Bumbu Kacang The peanut sauce
Peanut sauce is very popular in Indonesia. Peanuts were introduced into Indonesia by the Portuguese or the Spanish, several hundred years ago and peanuts have thrived and grown well in the climate of Indonesia. Bumbu kacang sauce basically consists of peanuts, coconut sugar, and soy sauce and many other ingredients depending on the different cooks or dishes. Some recipes for bumbu kacang would also include, garlic and onions and spices like ginger and cumin. Others would include kecap manis, which is a soy sauce with brown sugar or molasses, garlic or star anise.
Lontong
Lontong is an Indonesian rice cake or dish that is cooked rice that has been packed into banana leaves and cooked some more.
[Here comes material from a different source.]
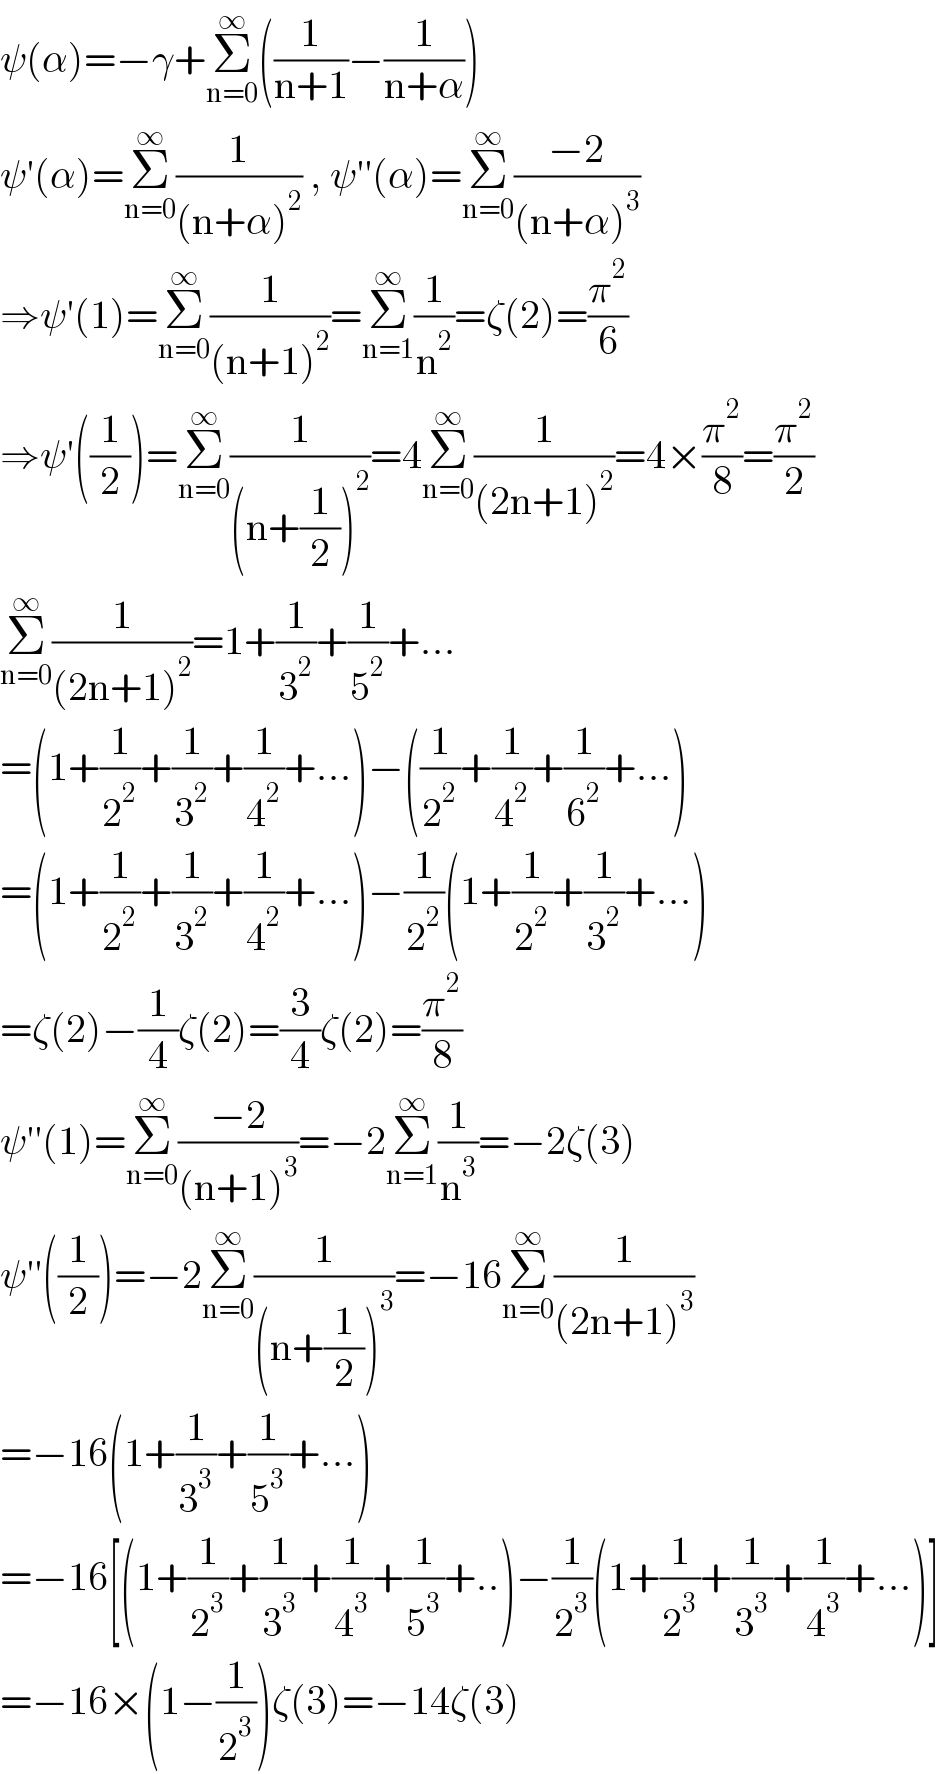 ψ(α)=−γ+Σ_(n=0) ^∞ ((1/(n+1))−(1/(n+α)))  ψ′(α)=Σ_(n=0) ^∞ (1/((n+α)^2 )) , ψ′′(α)=Σ_(n=0) ^∞ ((−2)/((n+α)^3 ))  ⇒ψ′(1)=Σ_(n=0) ^∞ (1/((n+1)^2 ))=Σ_(n=1) ^∞ (1/n^2 )=ζ(2)=(π^2 /6)  ⇒ψ′((1/2))=Σ_(n=0) ^∞ (1/((n+(1/2))^2 ))=4Σ_(n=0) ^∞ (1/((2n+1)^2 ))=4×(π^2 /8)=(π^2 /2)  Σ_(n=0) ^∞ (1/((2n+1)^2 ))=1+(1/3^2 )+(1/5^2 )+...  =(1+(1/2^2 )+(1/3^2 )+(1/4^2 )+...)−((1/2^2 )+(1/4^2 )+(1/6^2 )+...)  =(1+(1/2^2 )+(1/3^2 )+(1/4^2 )+...)−(1/2^2 )(1+(1/2^2 )+(1/3^2 )+...)  =ζ(2)−(1/4)ζ(2)=(3/4)ζ(2)=(π^2 /8)  ψ′′(1)=Σ_(n=0) ^∞ ((−2)/((n+1)^3 ))=−2Σ_(n=1) ^∞ (1/n^3 )=−2ζ(3)  ψ′′((1/2))=−2Σ_(n=0) ^∞ (1/((n+(1/2))^3 ))=−16Σ_(n=0) ^∞ (1/((2n+1)^3 ))  =−16(1+(1/3^3 )+(1/5^3 )+...)  =−16[(1+(1/2^3 )+(1/3^3 )+(1/4^3 )+(1/5^3 )+..)−(1/2^3 )(1+(1/2^3 )+(1/3^3 )+(1/4^3 )+...)]  =−16×(1−(1/2^3 ))ζ(3)=−14ζ(3)  
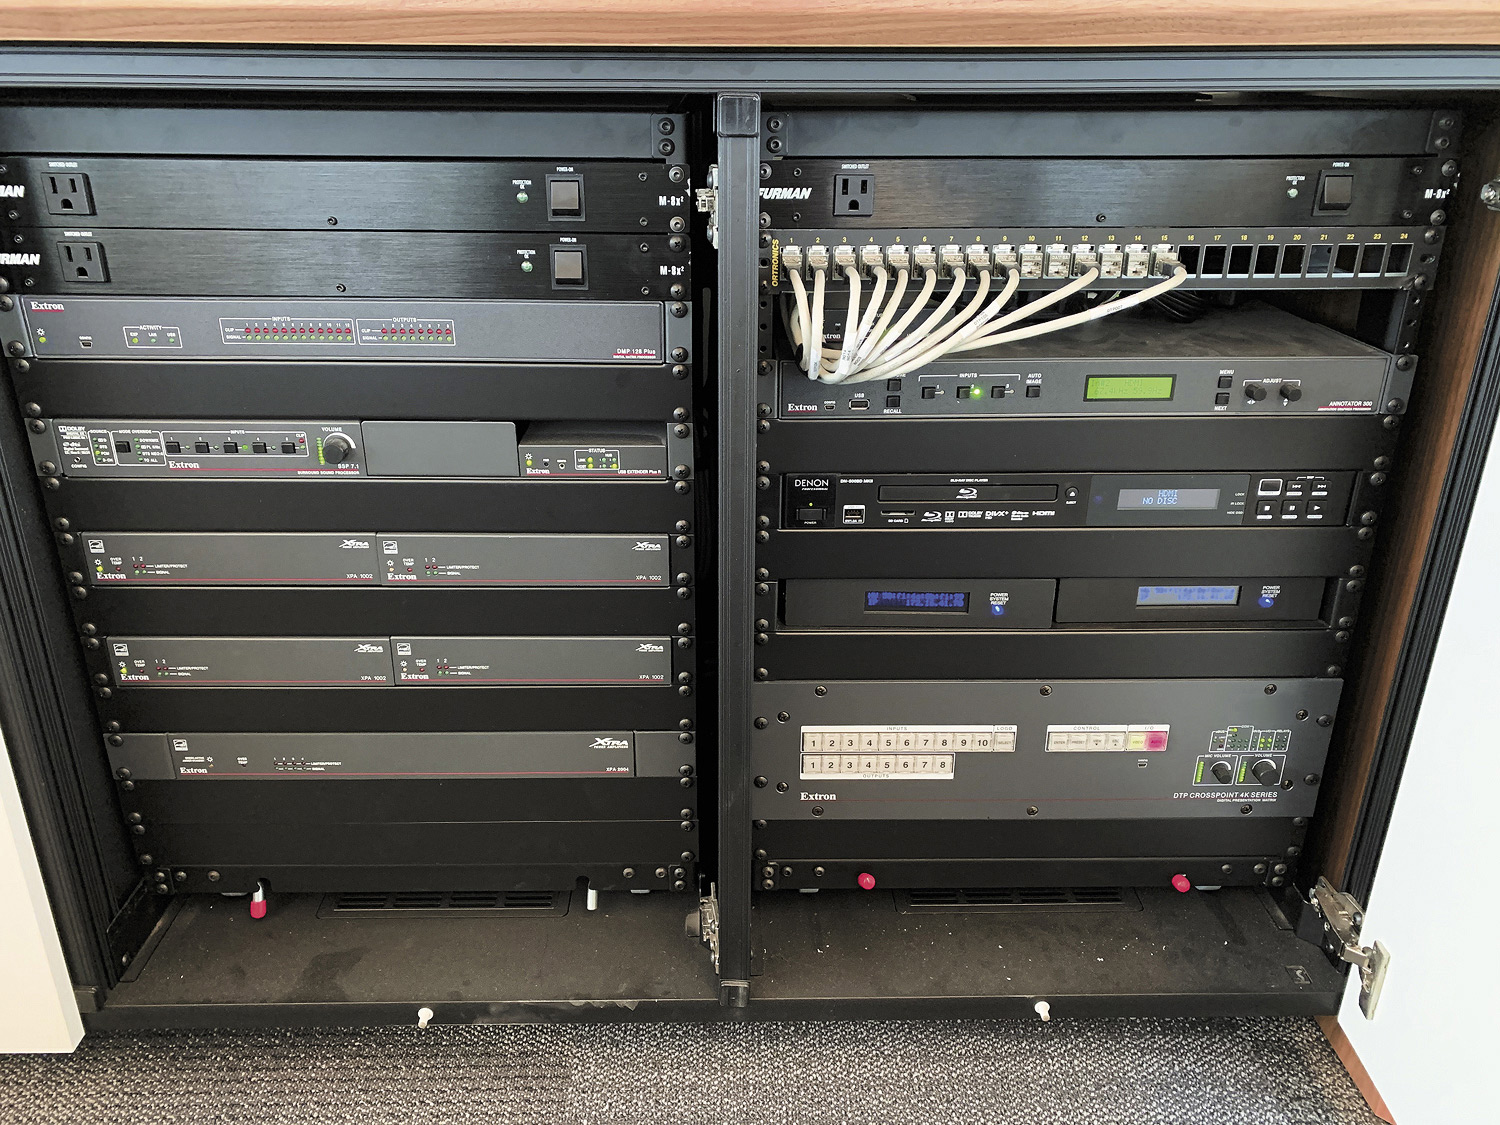 El armario de equipamiento de la clase aloja fuentes locales, junto con varios componentes de audio, vídeo y control de Extron como la matriz de conmutación para presentaciones DTP CrossPoint 4K.

The compacted rice is then cut into smaller pieces and served as or with sate or as an ingredient or side of salads or with sauces.
The marinades
Marinades for your sate range widely and depend on the meat of the sate, whether chicken, beef or pork or seafood. Most include soy sauce and spices. They also can include honey lemon juice, lemon grass, lime juice, ginger and just about any spices you like.